Strong positive genetic correlations between the clinical measure of triglycerides and the mass spectrometric measure of TG and DG lipid classes were similar to those identified previously (20, 21). In addition, we also observed a novel strong positive genetic correlation between the clinical lipid triglycerides and phosphatidylglycerol (PG) species (rg: 0.64–0.82). A novel strong positive genetic correlation was also observed between HDL-C and species within the PC(P) class. Interestingly, HDL-C showed stronger positive correlations with lipid classes containing ether (O) or vinyl-ether (P) bonds. Genetic correlations between the less unsaturated/shorter chain species and HDL-C were stronger than those with the highly unsaturated species. For example, the median genetic correlation with HDL-C within the PC(P) class was 0.57, compared with 0.46 in the PC(O) class and 0.42 in the PC class. Similarly, the median genetic correlation with HDL-C within the alkenylphosphatidylethanolamine [PE(P)] class was 0.45, compared with 0.43 in the PE(O) class and 0.17 in the PE class. We also observed marked differences in genetic correlations between lipids in the phospholipid classes, PC and SM. For example, the median genetic correlation between LDL-C and lipid species in the SM class was 0.47 (range: 0.30–0.67), compared with 0.27 (range: 0.14–0.63) in the PC class; the significant genetic correlations were always positive. However, 96% (25/26) of significant genetic correlations between lipids in the SM class and triglycerides were negative, while only 35% (6/17) of significant genetic correlations between PC lipids and triglycerides were negative. This is interesting as structurally these lipid classes are similar, in that they both contain a phosphorylcholine head group. However, unlike the SMs that contain only saturated and monounsaturated acyl chains, the PCs contain many species of polyunsaturated acyl chains and it appears that these species may drive the positive association with triglycerides.
While genetic correlations between the human lipidome and lipid concentrations may not be surprising, we also identified genetic correlations between lipid classes and individual lipid species and measures of obesity (WHR and BMI) and blood pressures. A recent study of 5,537 participants from three Dutch population-based cohorts examined 90 plasma lipids and failed to identify any significant genetic correlations between blood pressure or WHR, but did observe several associations with BMI (21). In the current study, lipid species within the DG, PC, PC(O), PC(P), SM, and TG classes showed the most consistent genetic correlations with WHR and BMI (supplemental Fig. S1), with some species from PC and SM classes genetically correlated with BMI in an earlier study (21). Compared with the previous study, the lipidomic methodology in the current study allowed greater specificity of individual lipid species. In addition, Linkage Disequilibrium Score Regression is known to be less powerful than variance-component methods used in the current study (34). In general, species within classes showed consistent directions of genetic correlations with BMI and WHR [for example, all significant genetic correlations between sulfatide (Sulf) species and BMI and WHR were negative, while all significant genetic correlations between AC species were positive].

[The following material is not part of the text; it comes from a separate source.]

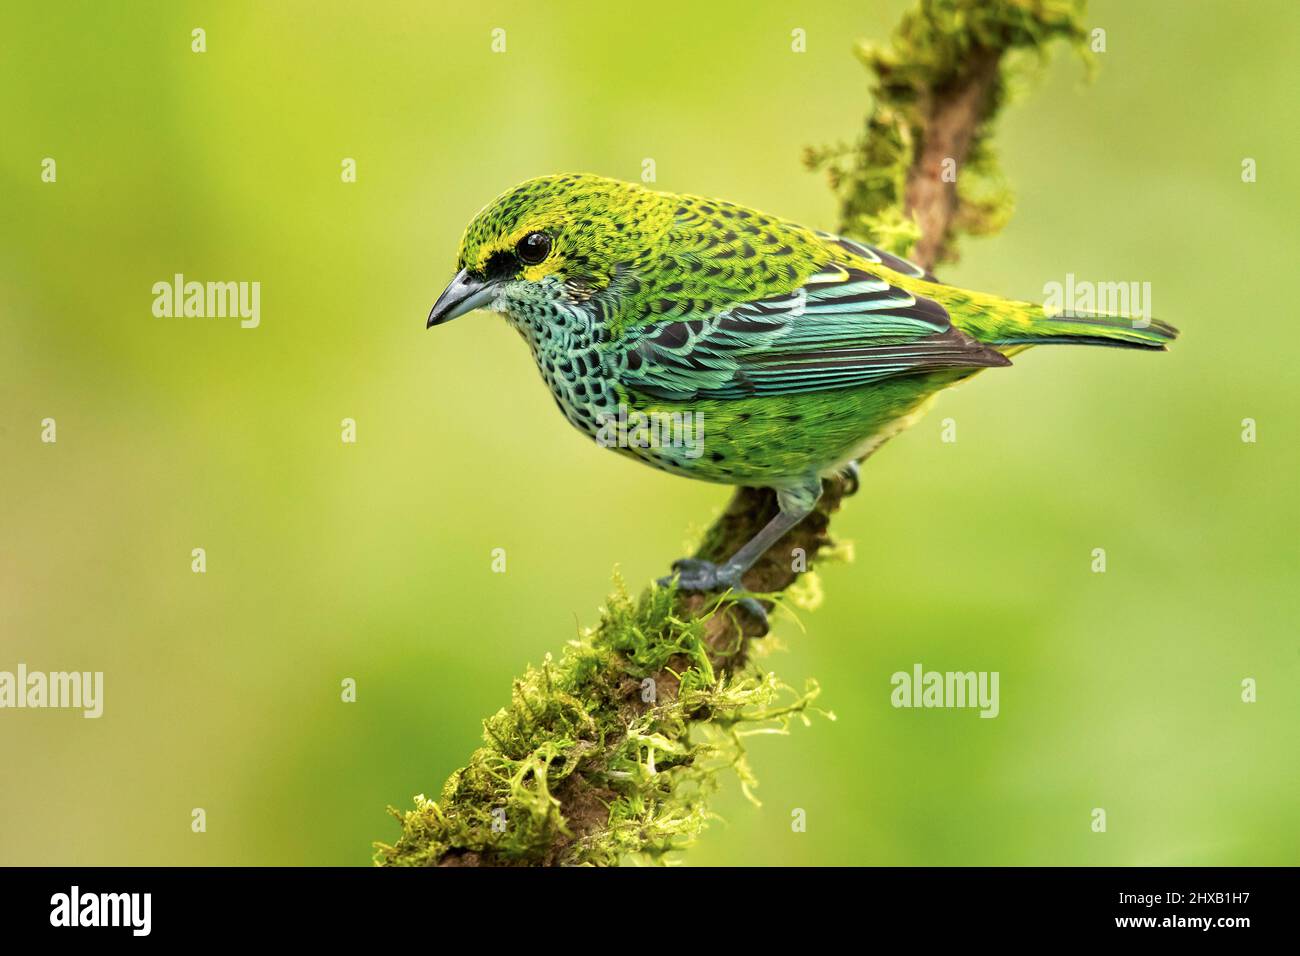 Speckled tanager Stock Photo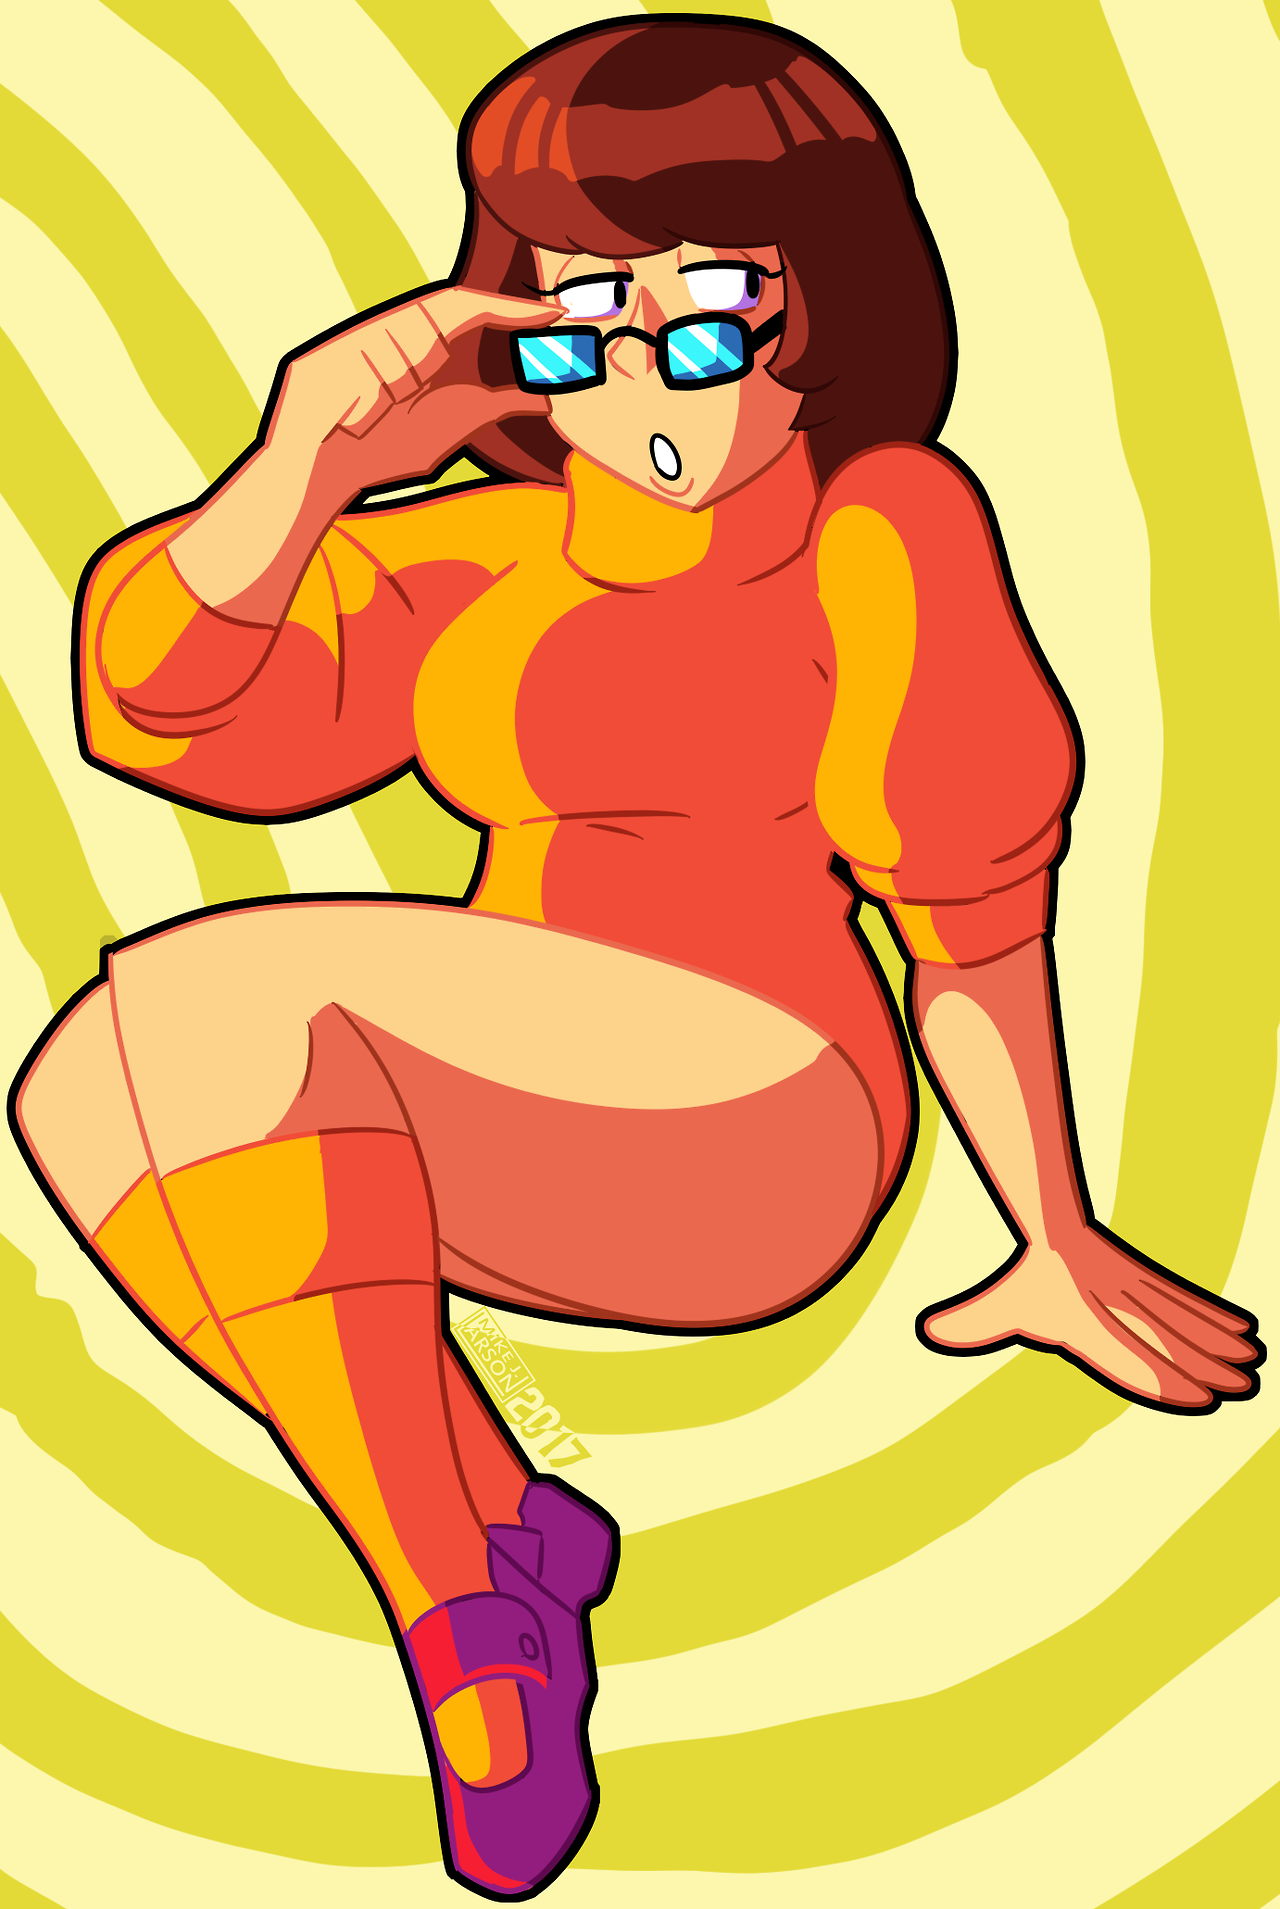 &hellip; What? I think Velma Dinkley is hot, I don’t need any excuse to draw

However, in the current study some lipid species within the SM, PC, LPC, lysoalkylphosphatidylcholine [LPC(O)], PE, and ceramide [Cer(d)] classes were positively genetically correlated with BMI/WHR, while others were negatively genetically correlated with WHR/BMI, although no lipid species within any class was positively genetically correlated with WHR, and negatively genetically correlated with BMI, or vice versa (supplemental Fig. S2). These differences are interesting, as they highlight that even within lipid classes, lipid species are genetically diverse, and may not share genes consistently with both WHR and BMI (both correlated traits). These genetic correlations between lipid species and non-lipid CVD traits indicate there are potentially pleiotropic genes that effect both lipid species and non-lipid CVD traits.
Finally, we have replicated previous studies showing CVD traits are heritable with our heritability estimates (h2: 0.25–0.59) comparable to those published previously in a larger sample of the Busselton Family Heart Study (24) and in earlier independent studies of CVD traits (4–10).
Limitations of the study
There are several potential limitations in our study. First, our study cohort comprised individuals with European ancestry and therefore these findings may not be generalizable to other ethnic populations. However, the heritability estimates observed in this study are comparable to an earlier study of Mexican-Americans (19). Second, lipid measures used within this study were measured only once, and therefore the lipid levels analyzed represent a snapshot in time and as such may be influenced by environmental factors that may also cluster within families, such as seasonal variations, illness, diet, and other lifestyle factors, that we were unable to take into account (35). Repeated lipid measures may result in less within-person variability; however, these are not available for this cohort. Third, serum samples were collected during the 1994/95 BHS survey and kept at −80°C until processing. Although the stability of lipid metabolites has generally been shown to be robust to long-term storage, minor alterations have been previously reported (36, 37). However, as samples were collected at the same time point, any changes should be consistent between the serum samples and so will likely have minimal effect on our analyses. Finally, while we have identified the possibility of pleiotropic genes associated with the human serum lipidome and CVD traits, we have not identified specific genetic variants or genes, which is a logical next step in attempting to understand the shared genetic etiology between the human lipidome and CVD traits. This will be the subject of future analyses.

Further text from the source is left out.